Изменить размер шрифта - +
Управление им возлагалось на бельгийского короля, который был призван «способствовать моральному и материальному благополучию коренного населения».

Но старый сатир, король Леопольд, сочетавший веселый нрав с холодным цинизмом, понимал благосостояние туземцев по-своему. Конго сулило Соломоновы сокровища (слоновая кость и золото), стоило только кнутом и цепями, калеча и убивая, запрячь в работу черных. Долгие годы эти сокровища перетекали в его карманы. Он не обнародовал никаких отчетов. Кроме его ближайших советников, нескольких человек в Бельгии, никто не знал, как на самом деле управляется Конго. Но постепенно, из консульских донесений и протестов миссионеров, Европа уловила царящий в джунглях дух. То был дух насилия и смерти.

В 1903 году Британское правительство не из одних лишь гуманных побуждений, но и блюдя интересы свободной торговли, выступило с протестом.
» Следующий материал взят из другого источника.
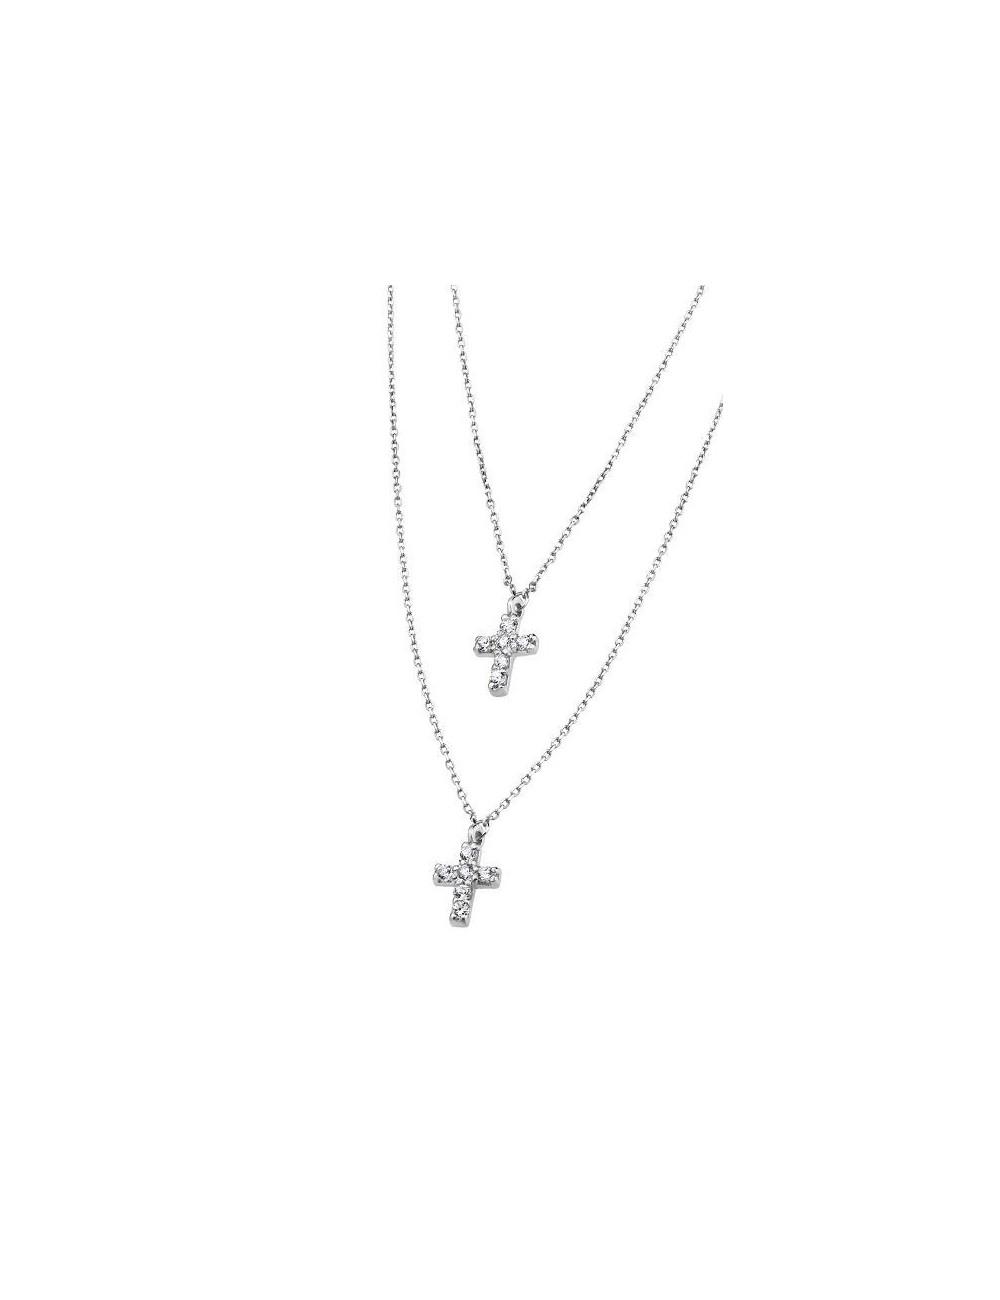 Gargantilla plata doble cadena con cruces circonitas Lotus Silver LP1243-1/1

Росло возмущение и в Бельгии. Конан Дойл, впервые ознакомившись с подлинными фактами, просто отказывался верить. Картина зверств, изощренного надругательства и насилия даже в наш жестокий век заставляла содрогнуться.

«Я убежден, — писал он в предисловии к „Преступлению в Конго“, появившемуся в октябре 1909 года, — что причина безучастности общественного мнения к вопросу о Конго в том, что эта ужасающая история не доходит до людского сознания». И поэтому цель своей новой книги, где так же, как и в «Войне в Южной Африке…», каждое утверждение тщательно подкреплялось цифрами и фактами и которая не принесла ему ни пенни дохода, он видел в том, чтобы донести до людей правду о Конго.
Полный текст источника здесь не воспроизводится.